:: TASK INPUTS ::
:::::

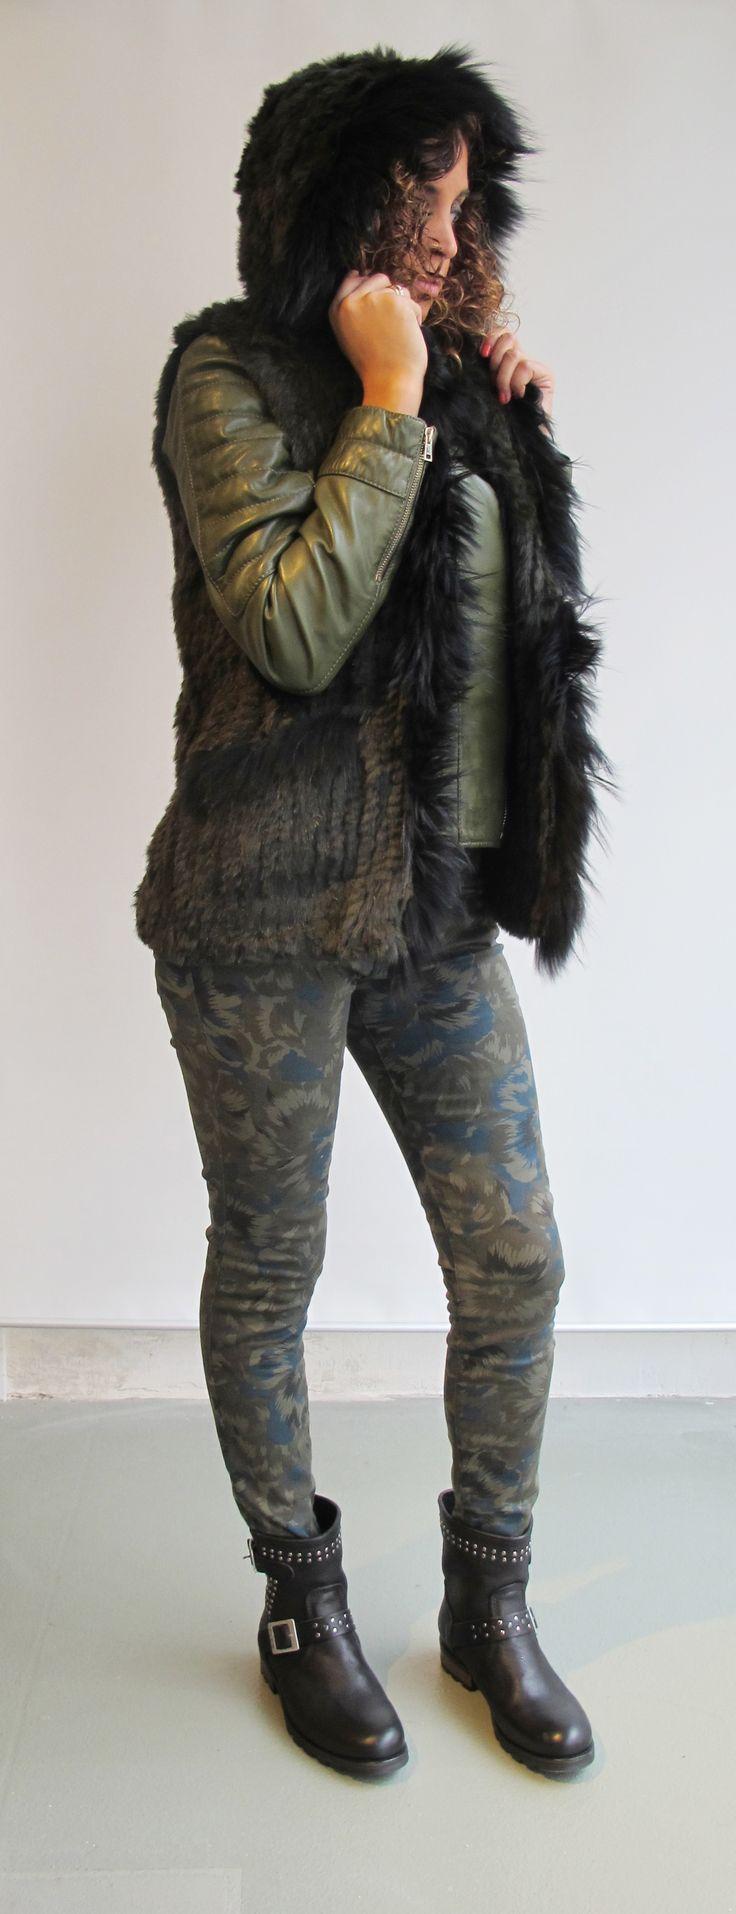 #wilcolook #moda #mujer chaleco piel #oakwood cazadora piel #oakwood pantalon #reiko botas #palladium http://www.miinto.es/shops/b-1040-wilco
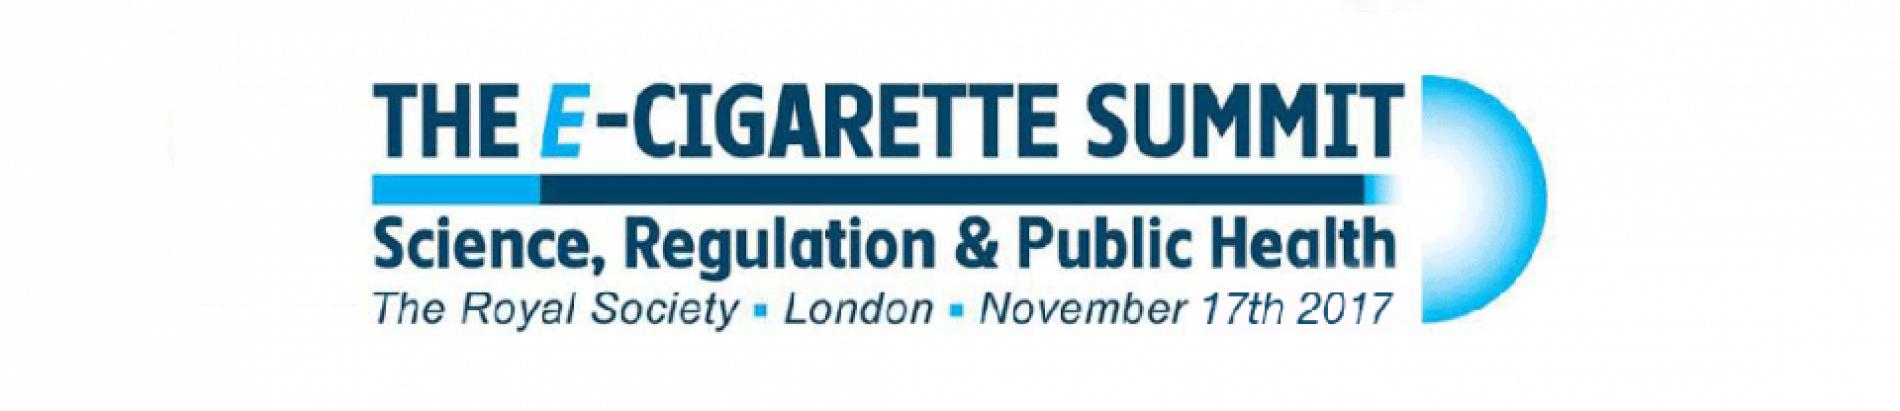 Venerdì 17 Novembre a Londra torna l'E-cigarette Summit
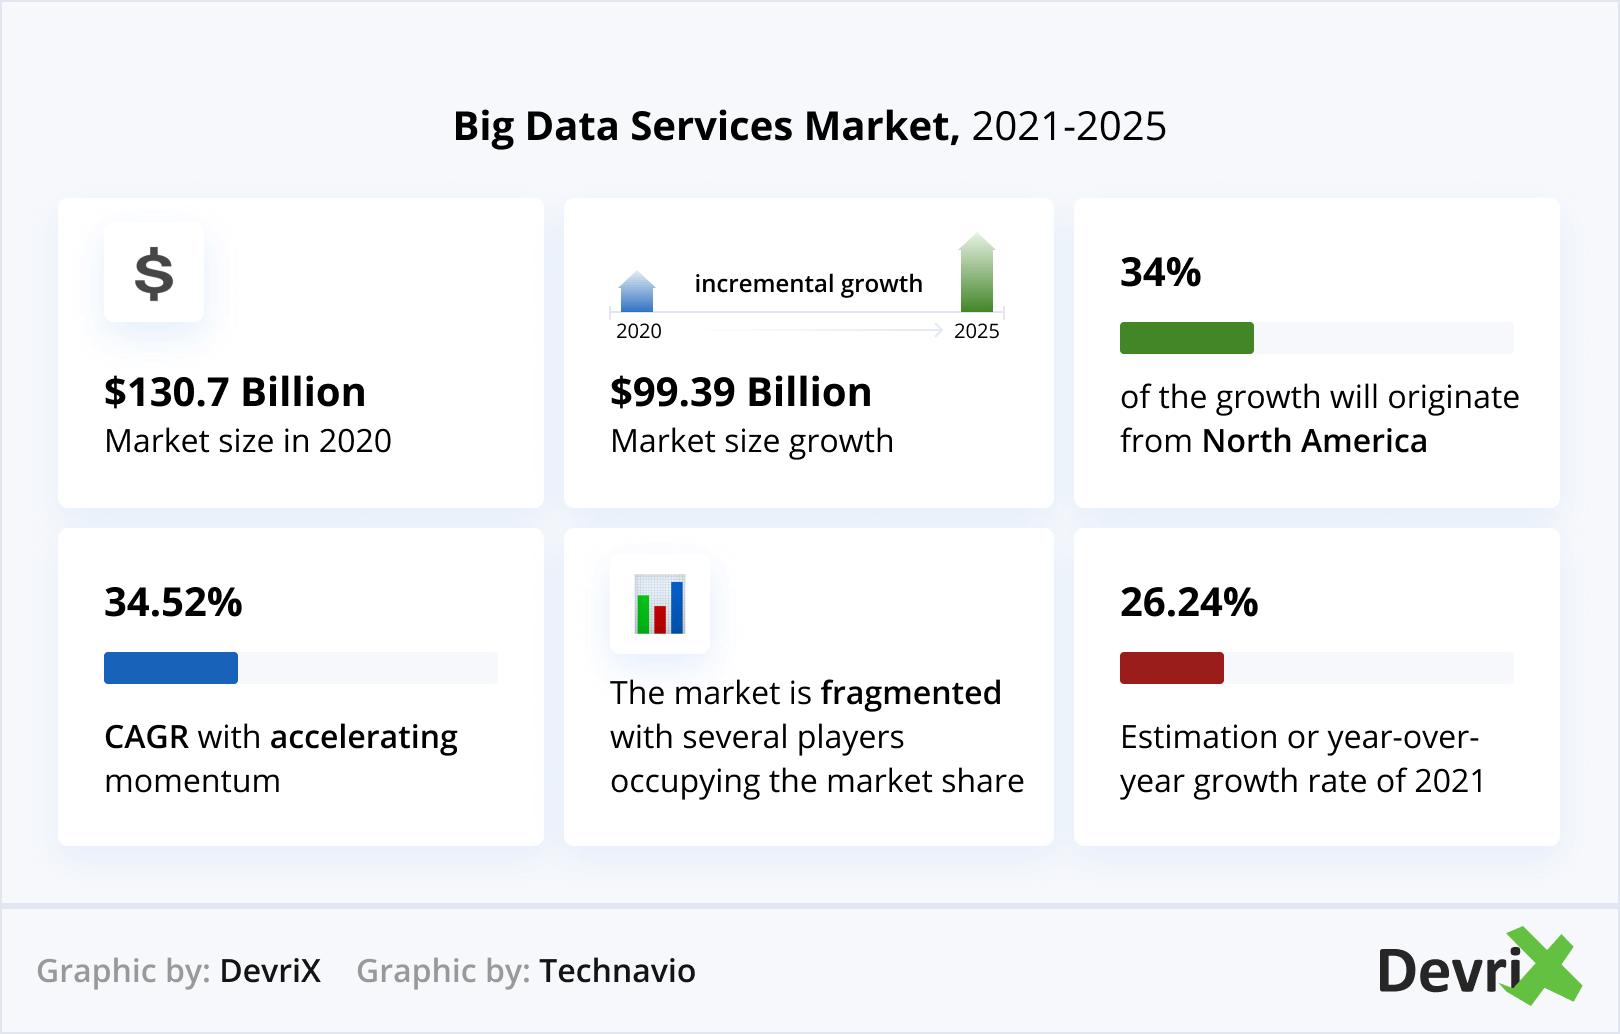 Big Data Services Market 2021-2025
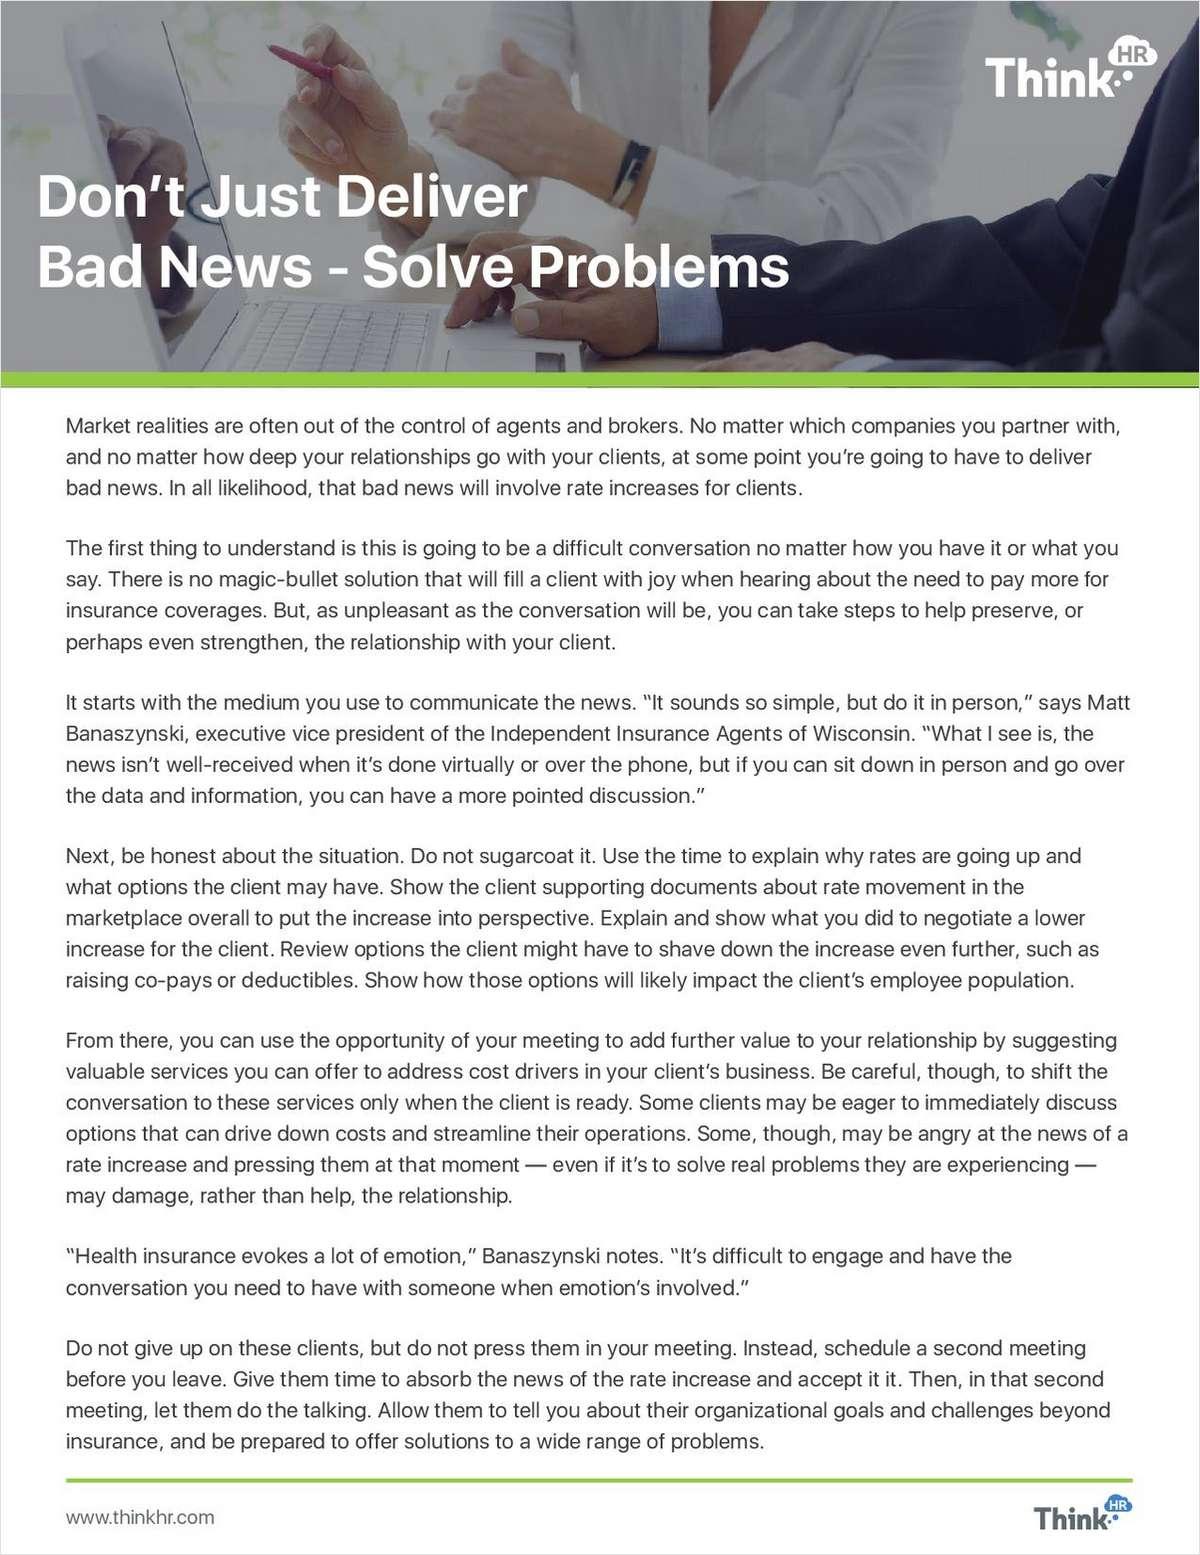 Don't Just Deliver Bad News -- Solve Insurance Problems
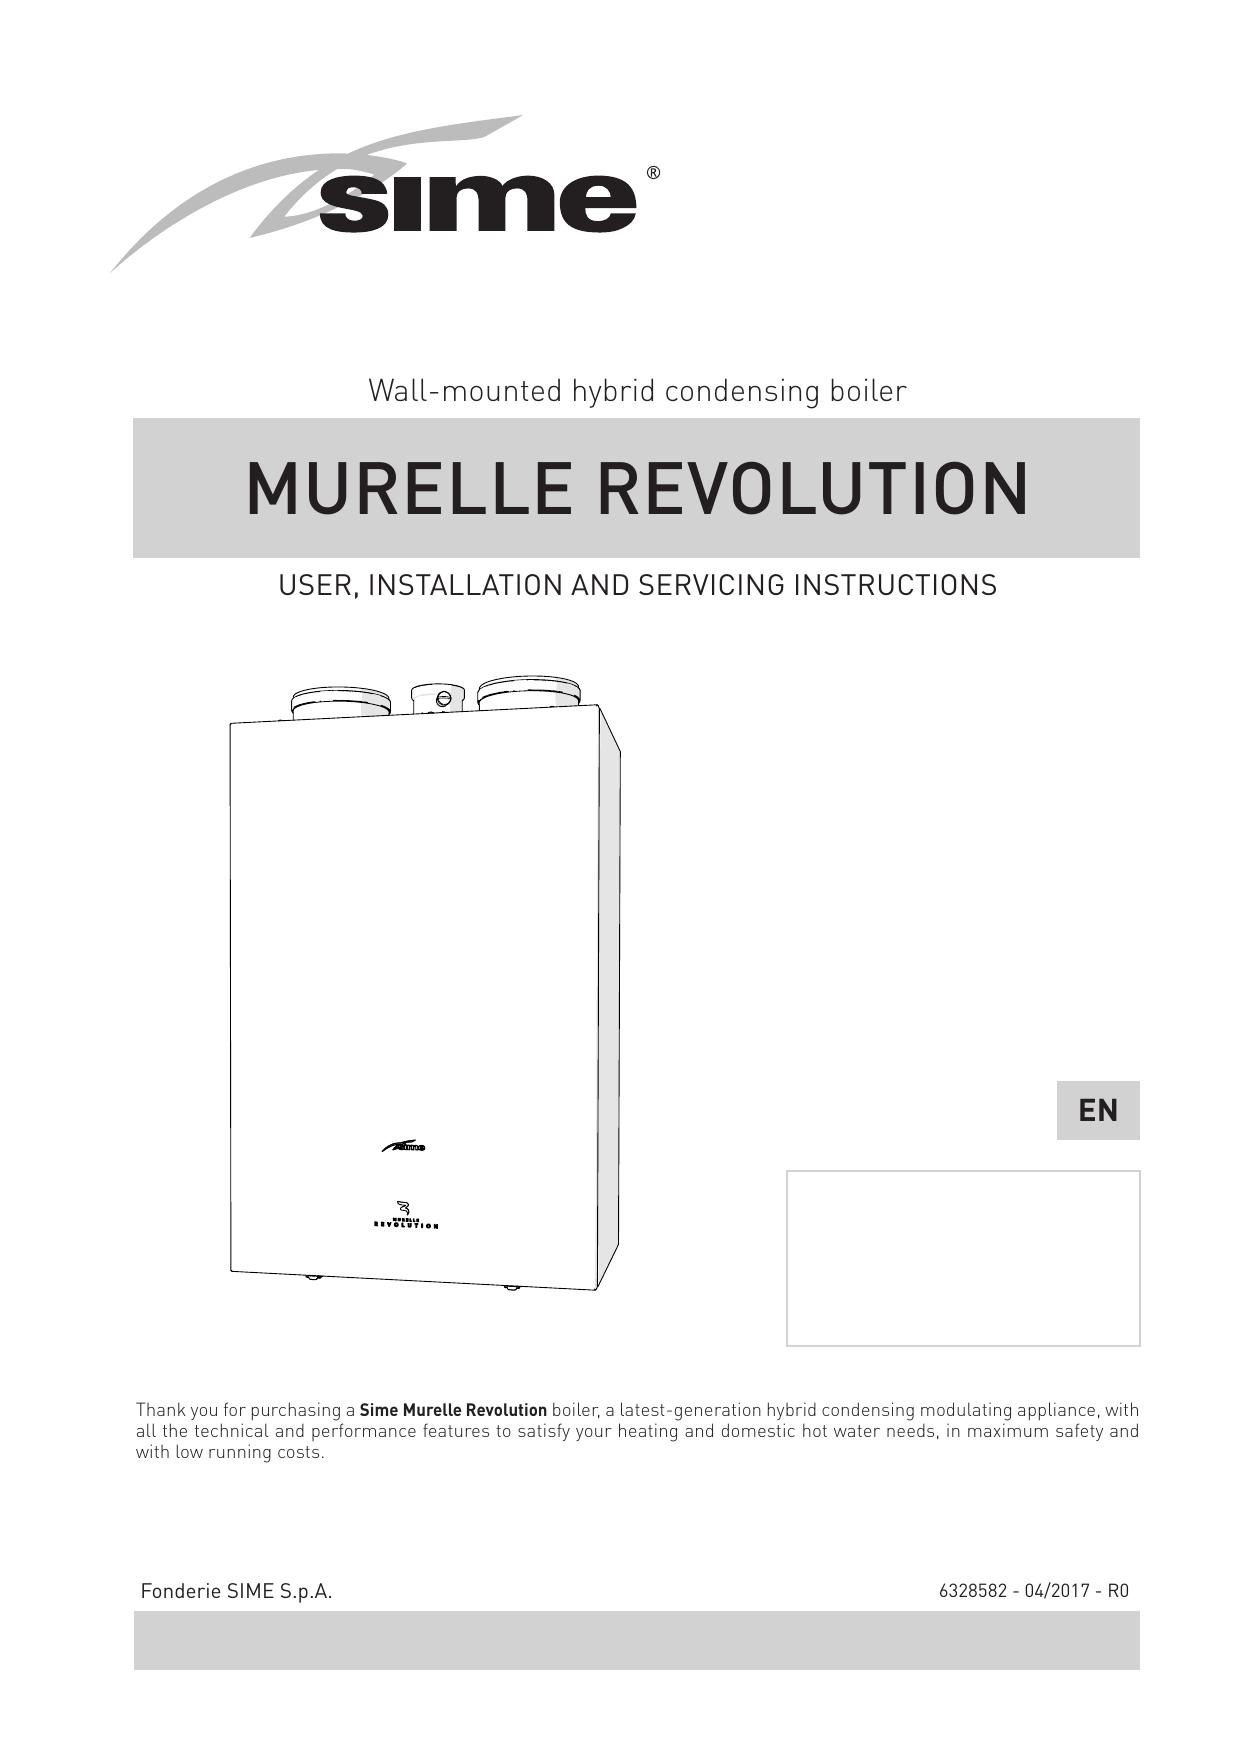 Peachy Murelle Revolution Manualzz Com Wiring 101 Kniepimsautoservicenl

:::::

:: PROBLEM DETAILS ::
The required answer is the material repeated exactly, with no images in it.

:: SOLVED PROBLEM ::
 #wilcolook #moda #mujer chaleco piel #oakwood cazadora piel #oakwood pantalon #reiko botas #palladium http://www.miinto.es/shops/b-1040-wilco
 Venerdì 17 Novembre a Londra torna l'E-cigarette Summit
 Big Data Services Market 2021-2025
 Don't Just Deliver Bad News -- Solve Insurance Problems
 Peachy Murelle Revolution Manualzz Com Wiring 101 Kniepimsautoservicenl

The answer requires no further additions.